= WHAT IS EXPECTED =
Excluding pictures, transcribe precisely the lines from the one containing "Courier insurance Ambaji to Mizoram" to the final line of the listing below, inclusive, and nothing more.

= AVAILABLE DATA =
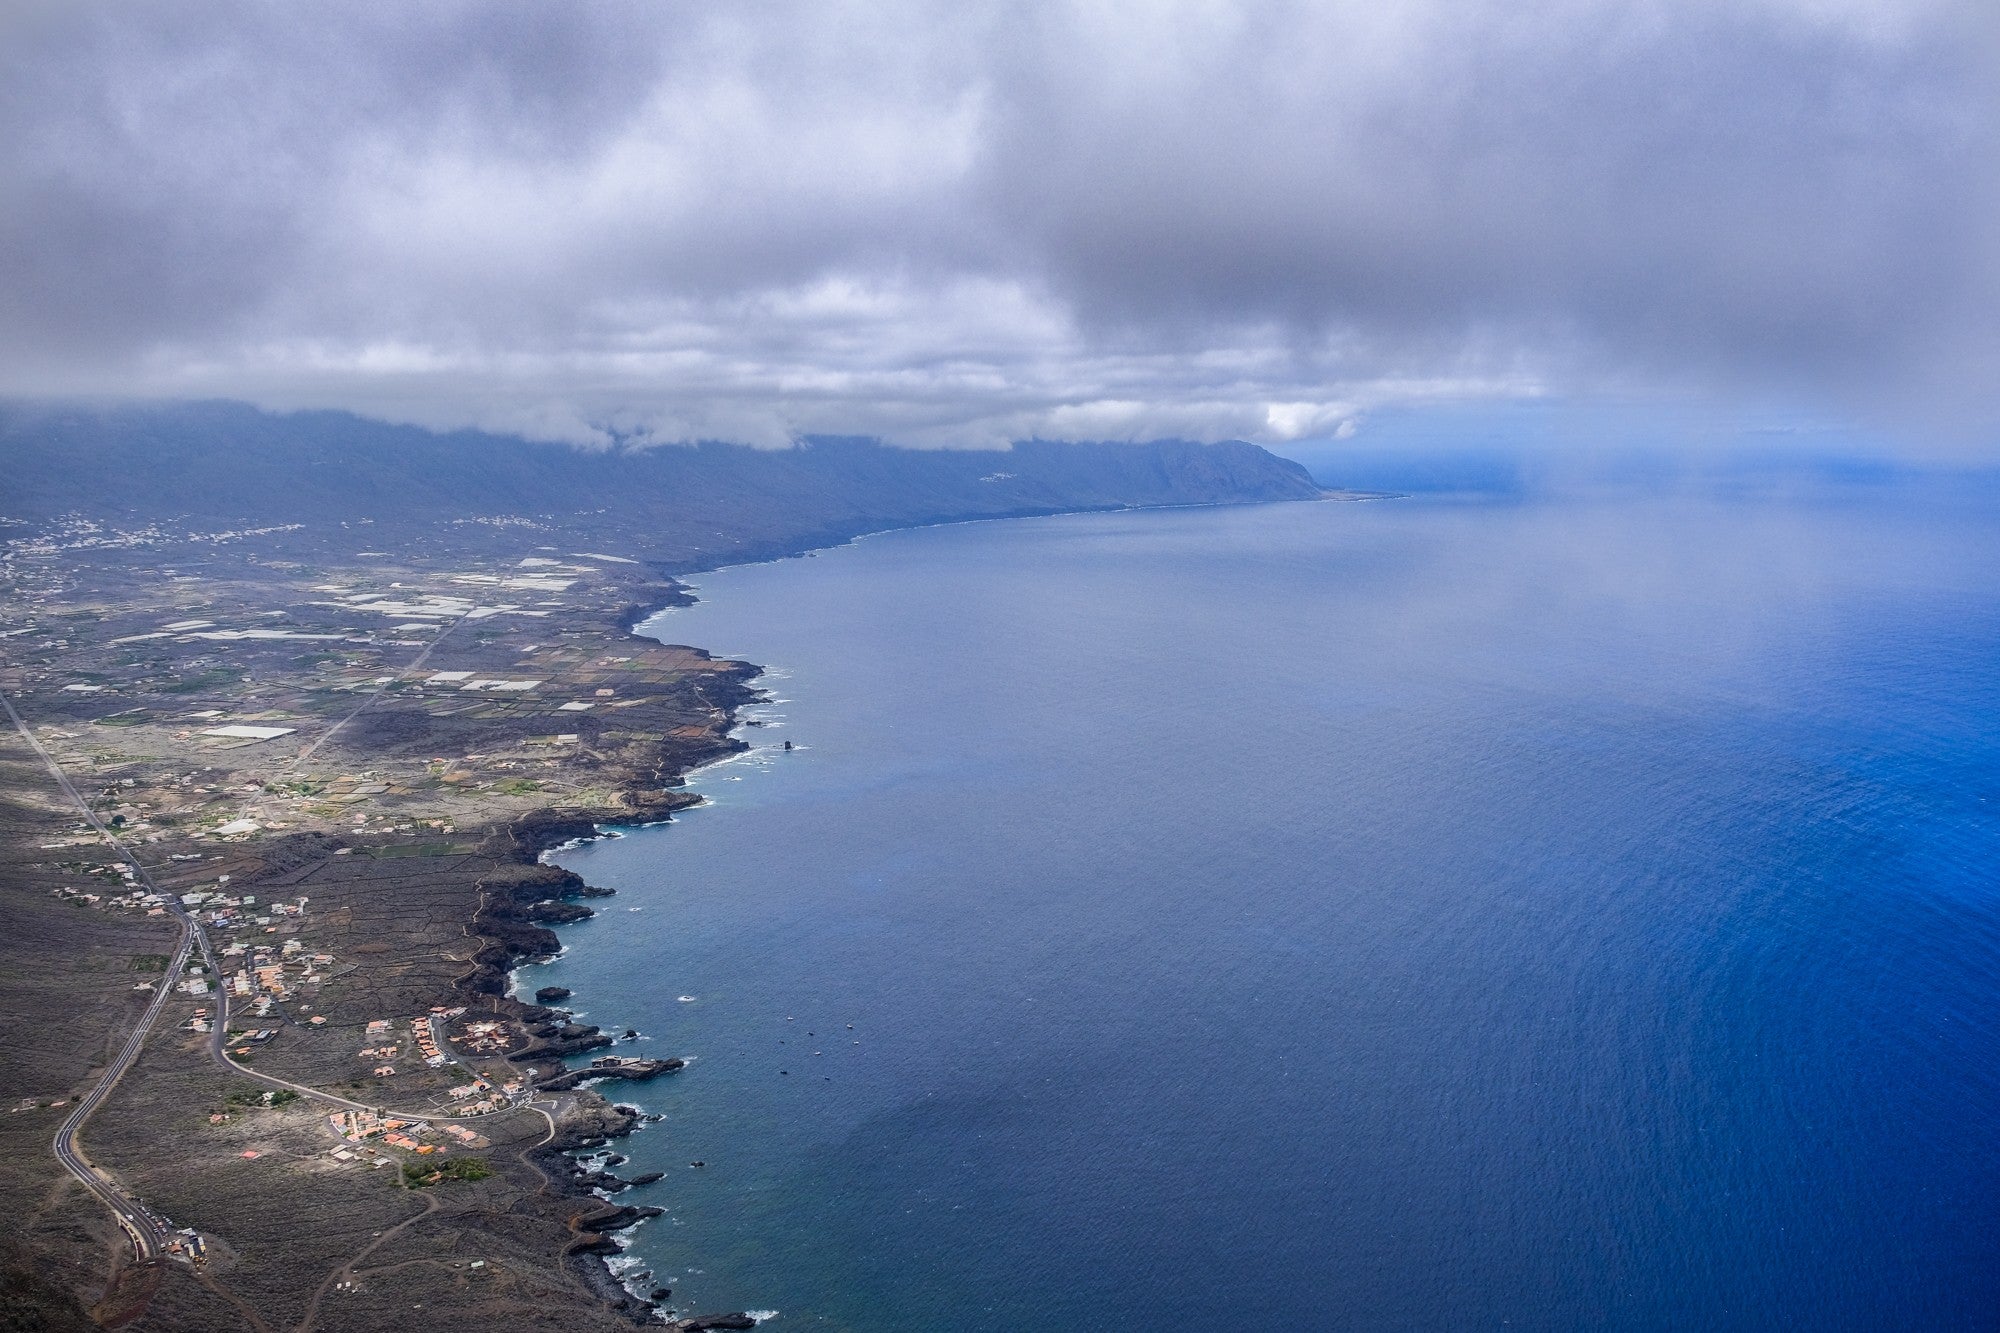 Vista de la costa del Golfo desde el Mirador de la Peña.
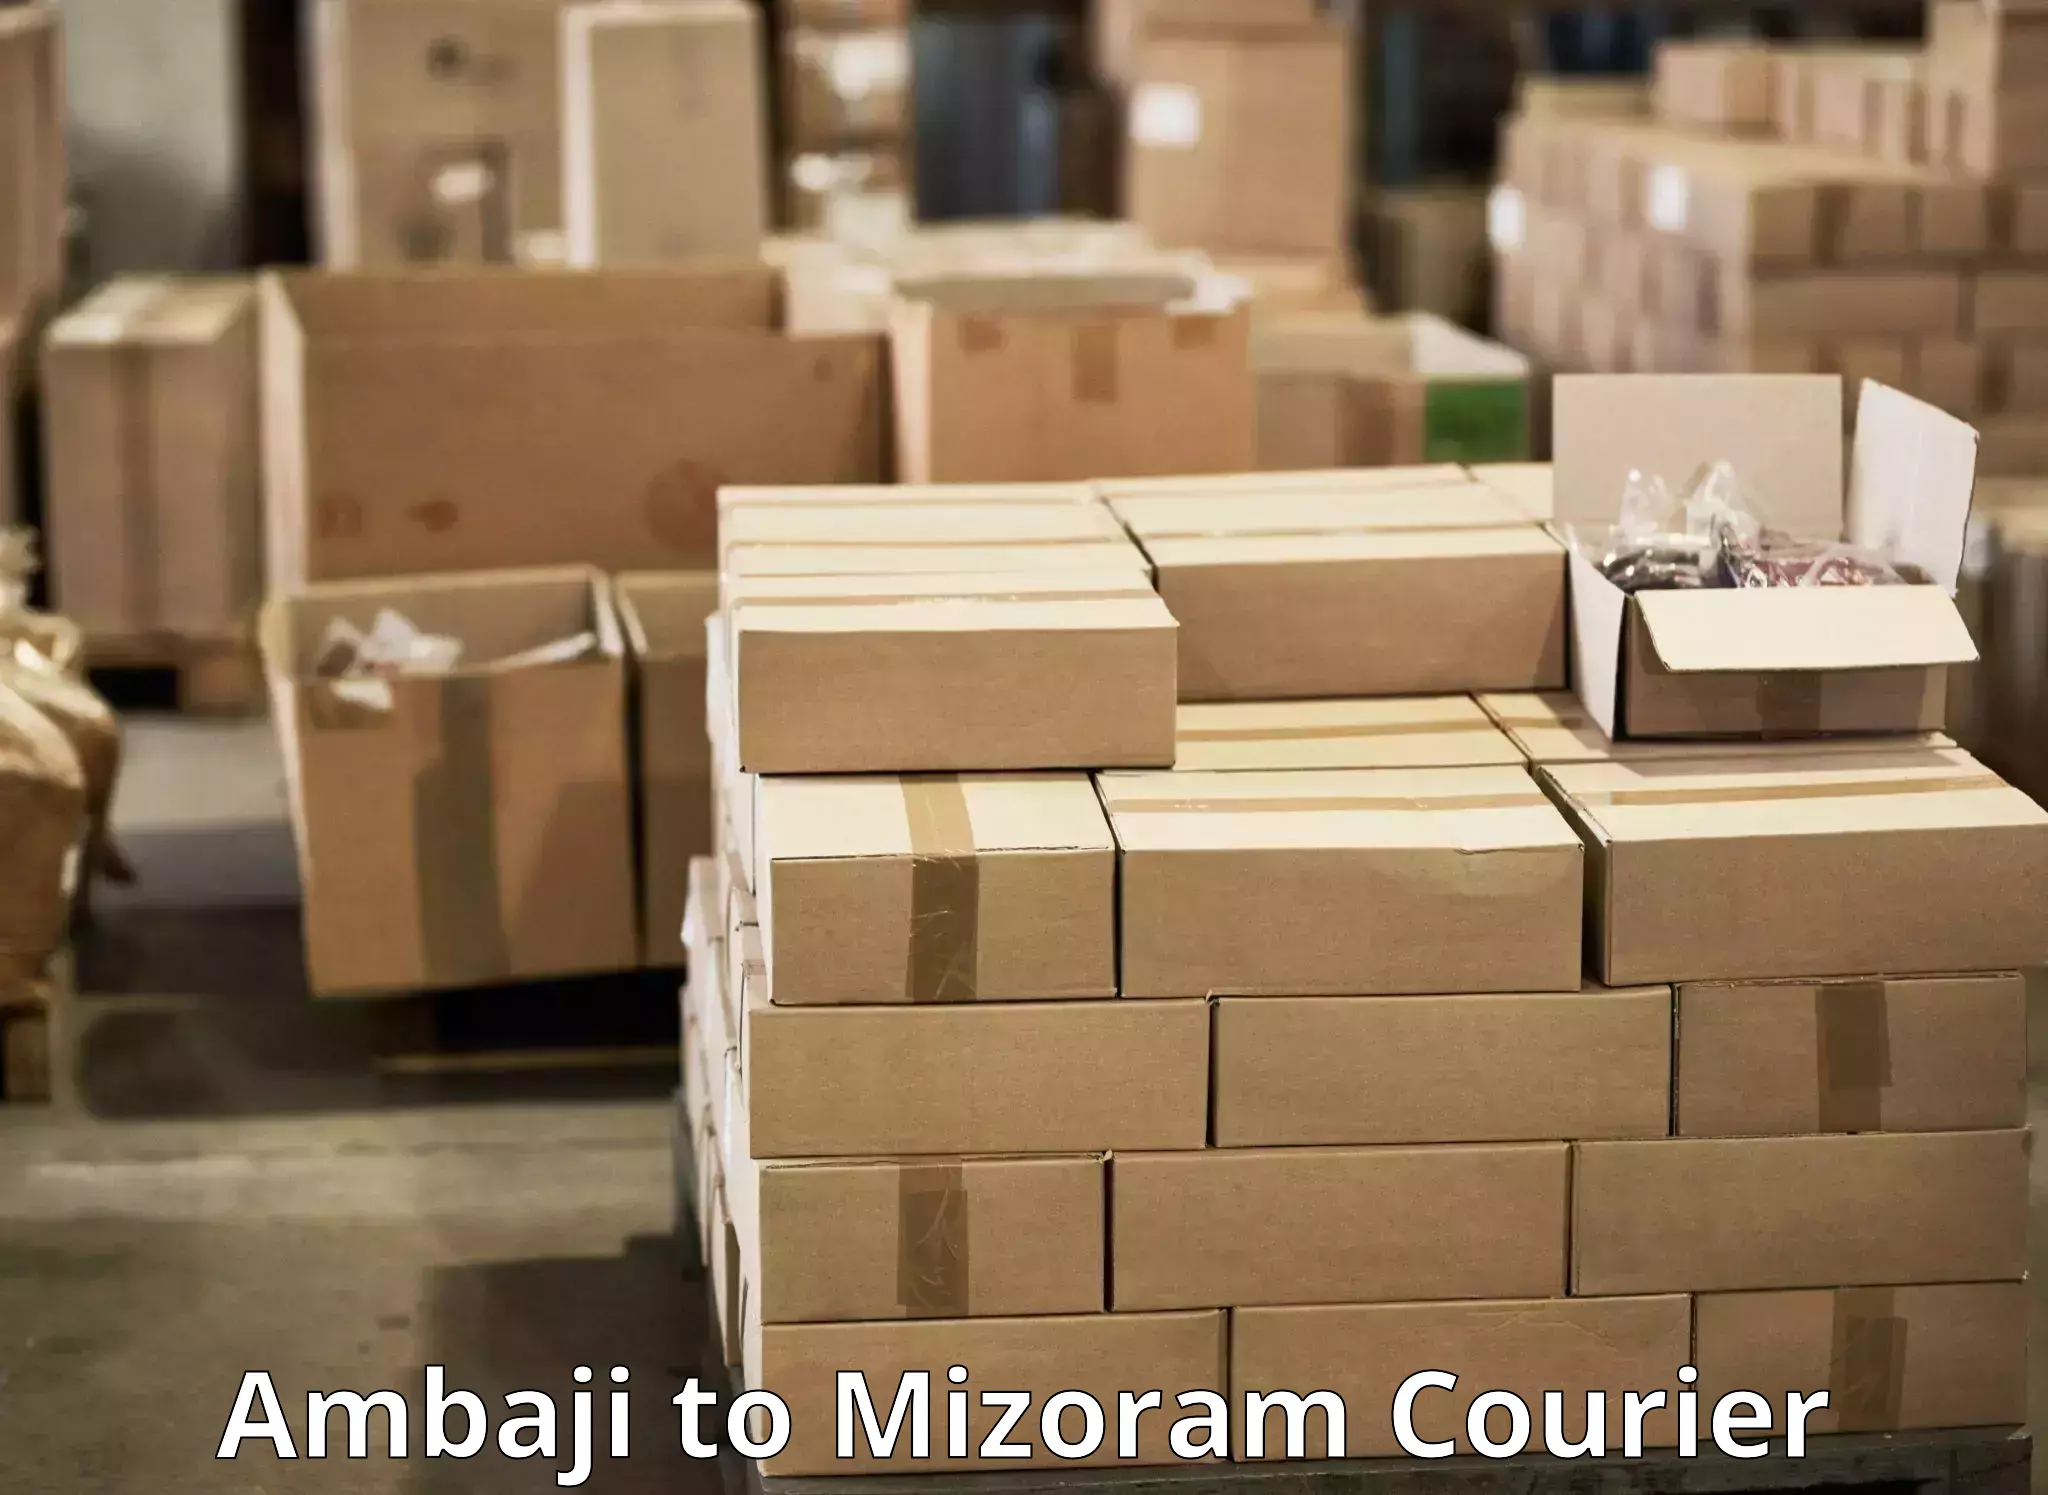 Courier insurance Ambaji to Mizoram
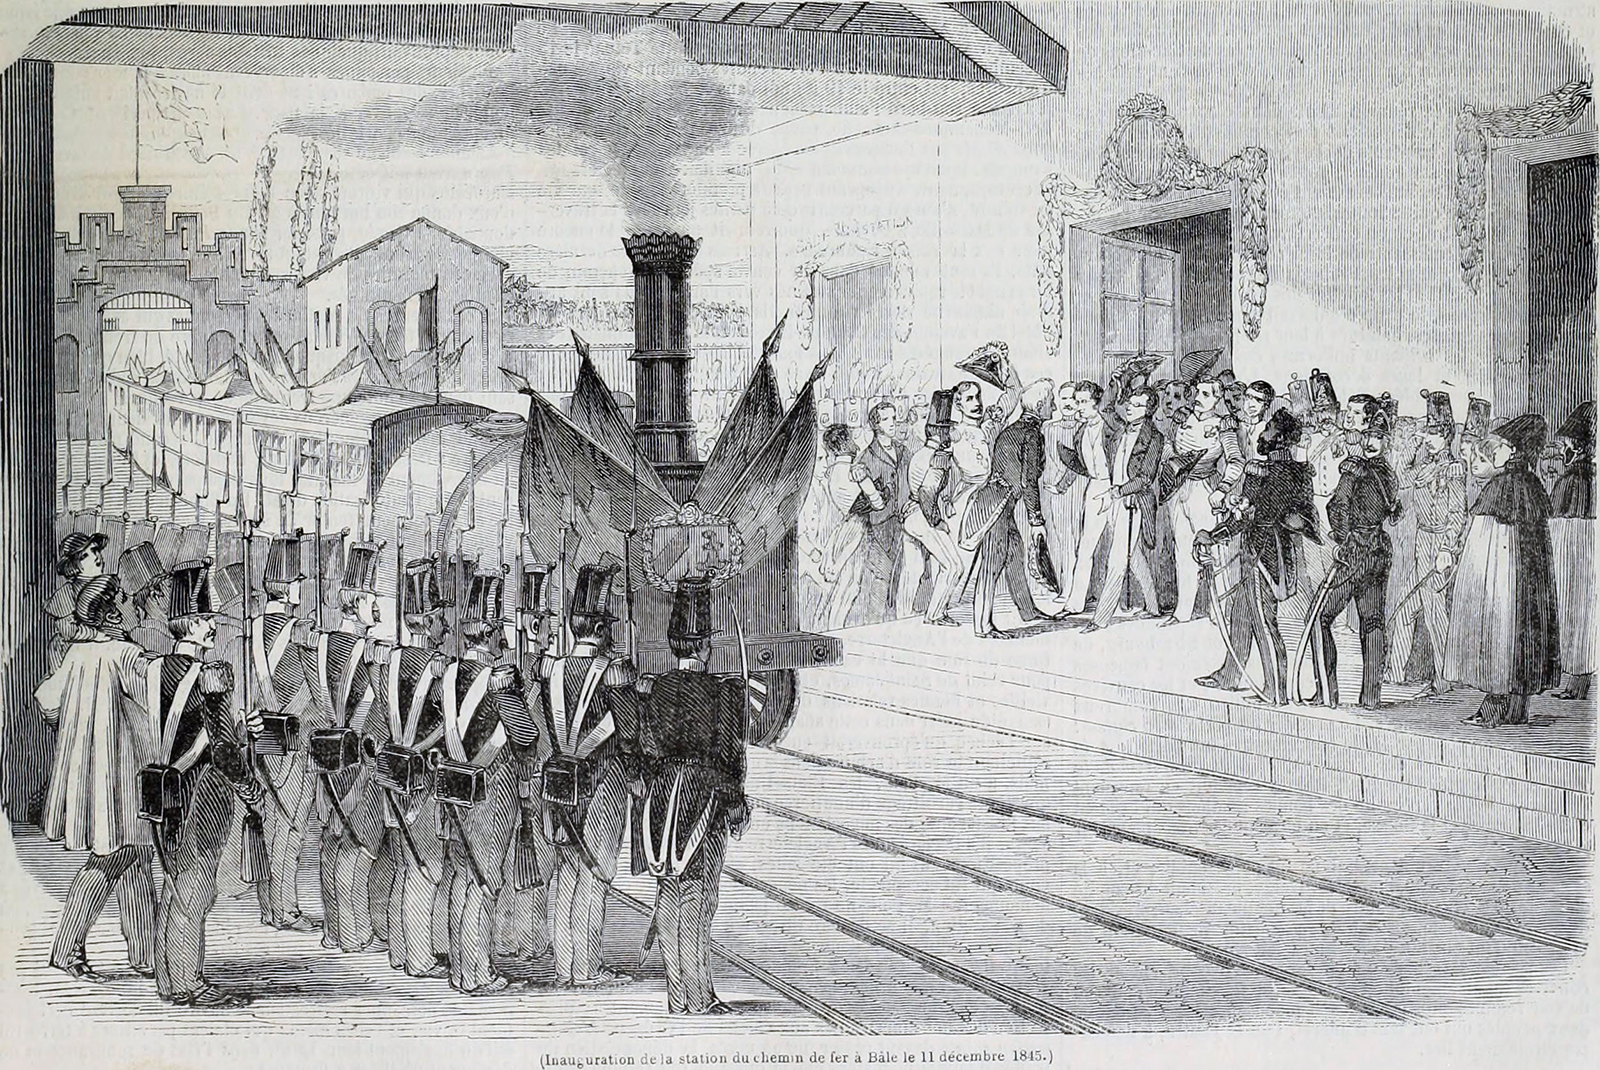 Dibujo antiguo que muestra la llegada de un tren a la estación

= ANSWER TO THIS TASK =
 Courier insurance Ambaji to Mizoram
 Dibujo antiguo que muestra la llegada de un tren a la estación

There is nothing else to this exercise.